SLAC Today logo

Keith Hodgson Elected to the National Academy of Sciences

(Photo)
(Photo by Diana Rogers.)

SLAC Associate Laboratory Director for Photon Science and Chief Research Officer Keith Hodgson, who also serves Stanford University as the David Mulvane Ehrsam and Edward Curtis Franklin Professor of Chemistry and as Professor of Photon Science at SLAC, has been elected to the National Academy of Sciences. He joins 71 other new members—including seven others from Stanford—and 18 foreign associates, the NAS announced yesterday.

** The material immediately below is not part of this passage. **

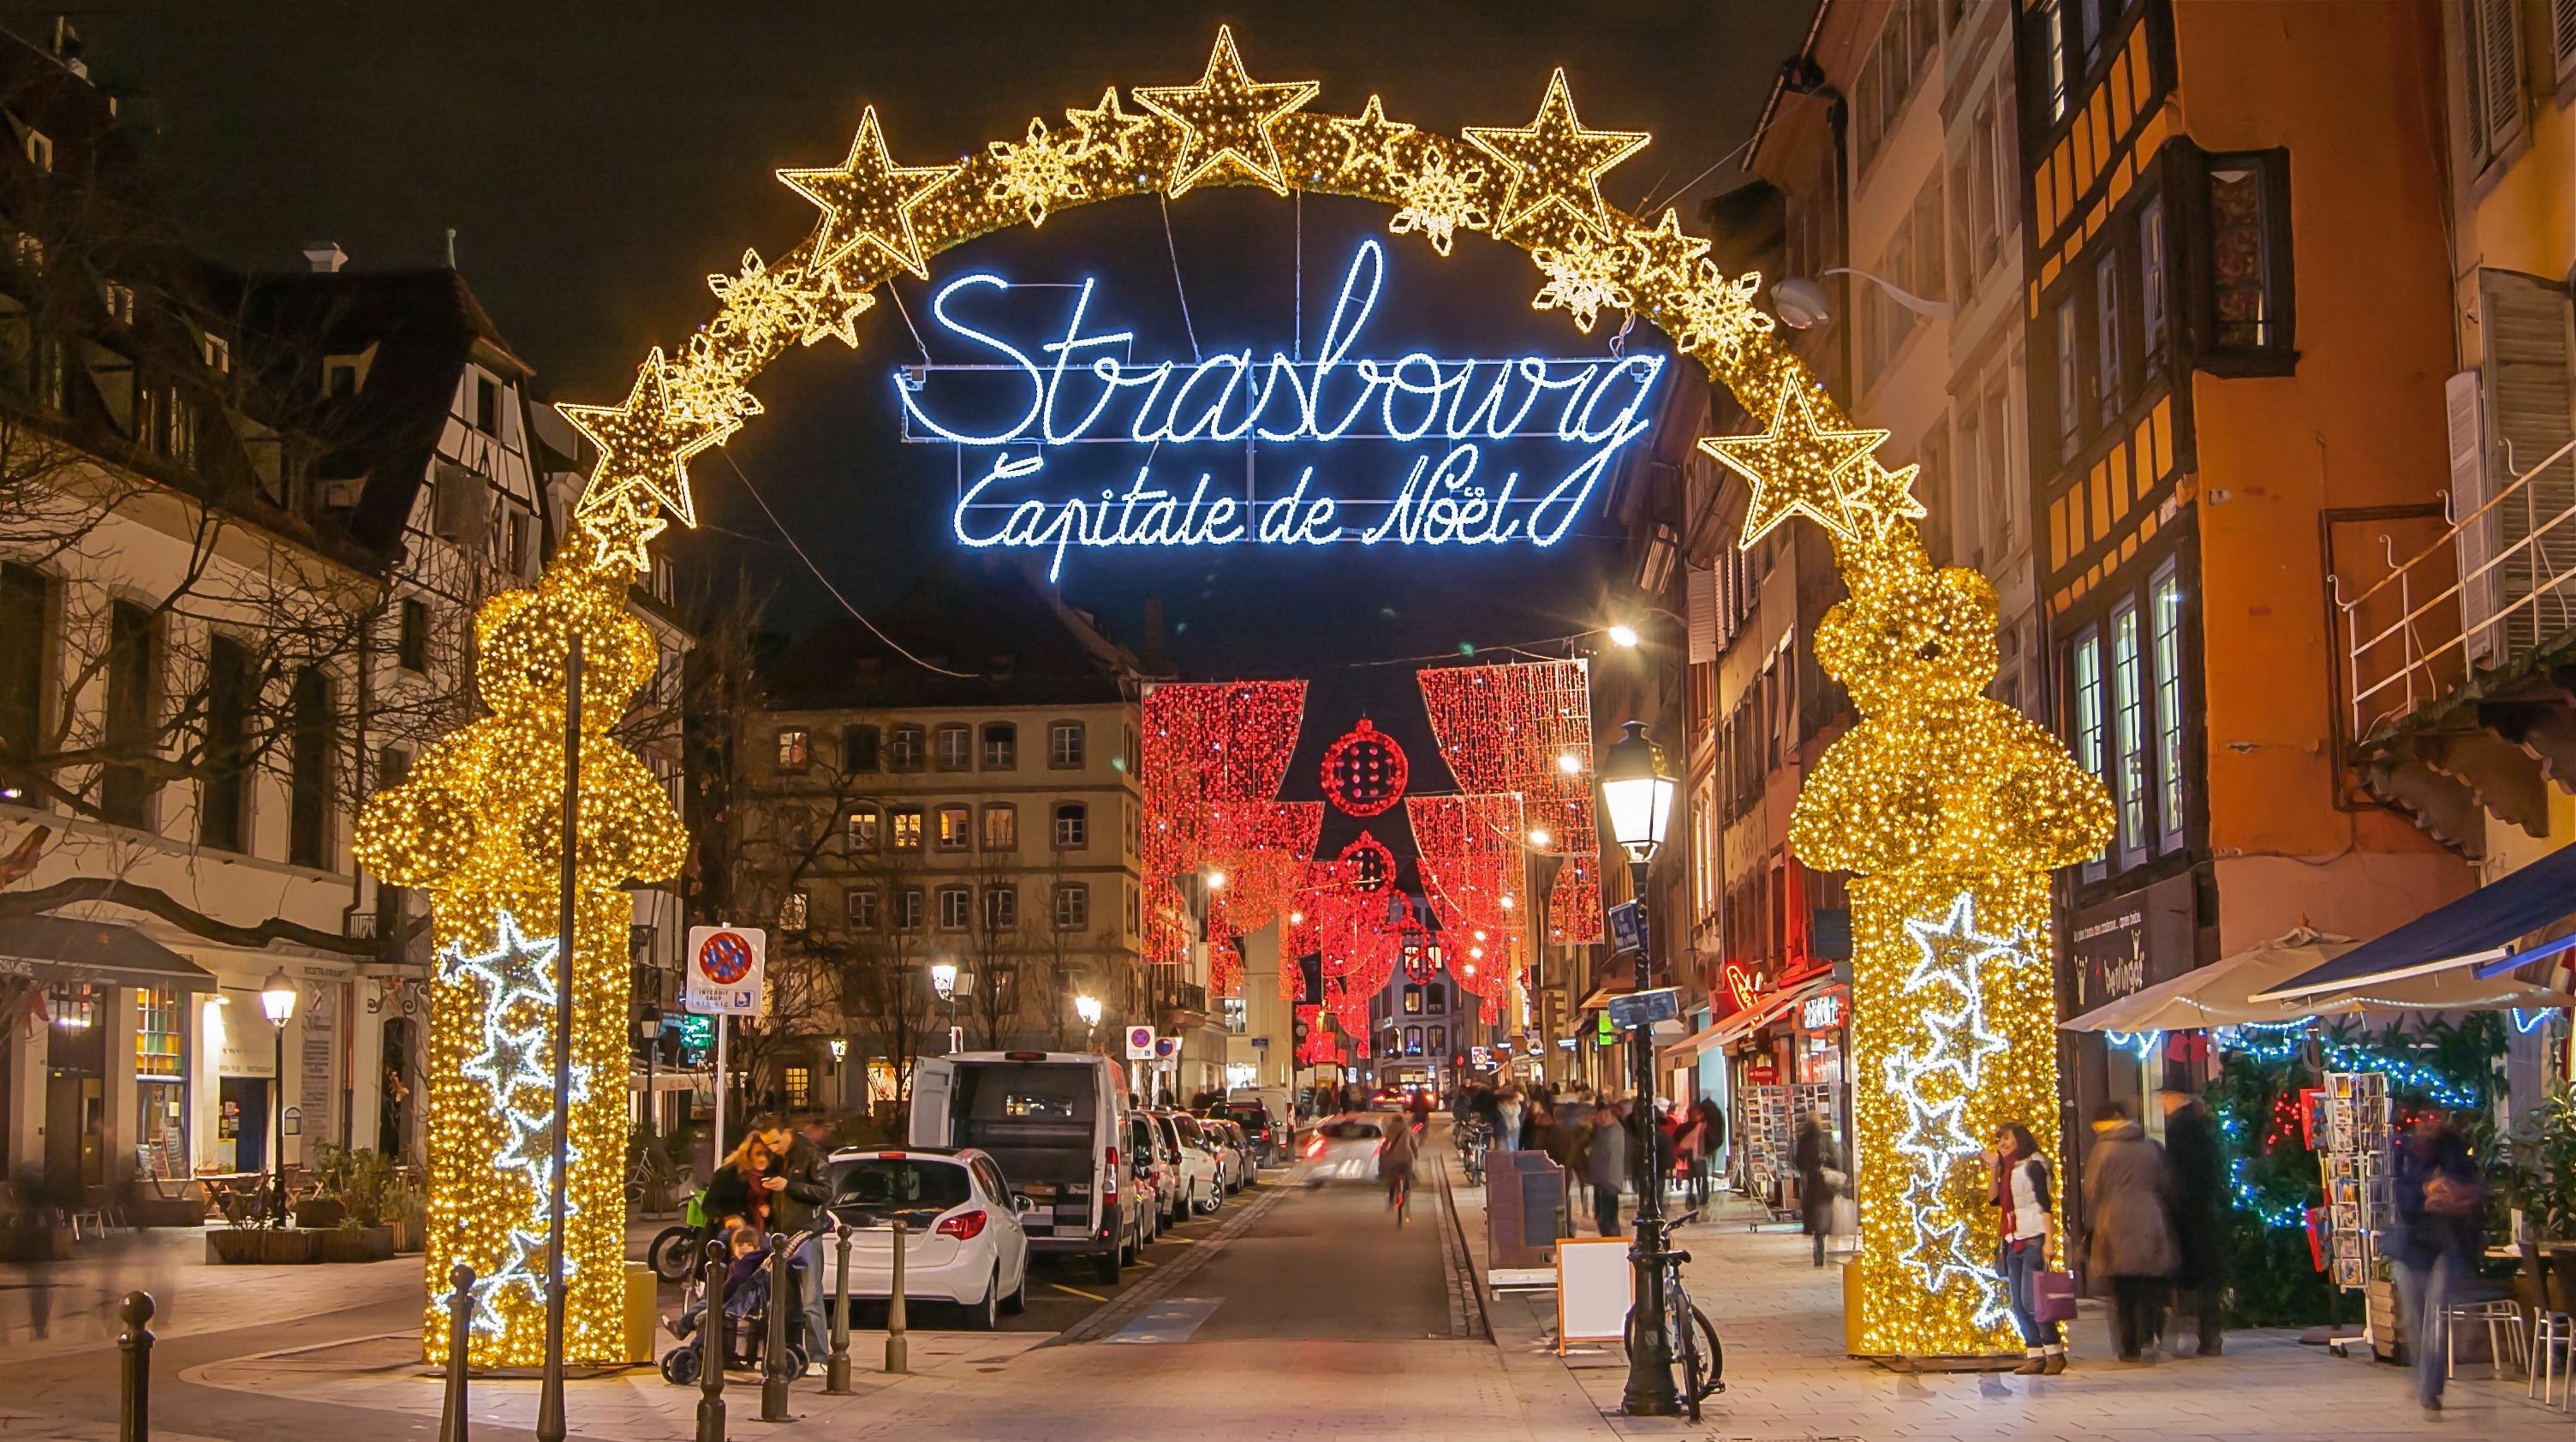 Marché de Noël à Strasbourg, France © Alexi Tauzin - stock.adobe.com

"I was thrilled to hear of Keith's election to the National Academy of Sciences," said Persis Drell, director of SLAC. "He has made major contributions to our use of high-intensity synchrotron radiation for diffraction studies of proteins, as well as phasing by anomalous scattering methods," a technique used to recover vital information lost during the process of X-ray diffraction. "This is a well-deserved honor."

Hodgson has been involved with SLAC in various capacities since 1973. As one of the first users of the Stanford Synchrotron Radiation Lightsource (then called the Stanford Synchrotron Radiation Project), he and his students did pioneering work in both the use of synchrotron X-rays to determine the crystal structures of proteins and the development of X-ray absorption spectroscopy to study biological and chemical systems. Since then he has published extensively on X-ray spectroscopic and crystallographic techniques, as well as using those and other techniques to further the study of a large range of biological, bioinorganic and inorganic systems. Hodgson served as SSRL Director from 1998 until 2005, helping realize both SPEAR3, a major upgrade to the venerable synchrotron light source facility, and the genesis of the Linac Coherent Light Source, the world's first hard X-ray laser and the next generation in light source technology.

Hodgson received the E.O. Lawrence Award from the Department of Energy in 2002 and was named a Fellow of the American Association for the Advancement of Science in 2006. He is also a member of several scientific societies and has been active in national scientific policy, including chairing the DOE Biological and Environmental Research Advisory Committee from 1995 to 2005. Hodgson earned his BS from the University of Virginia in 1969 and his PhD from the University of California, Berkeley in 1972, and then joined Stanford as Assistant Professor of Chemistry in 1973.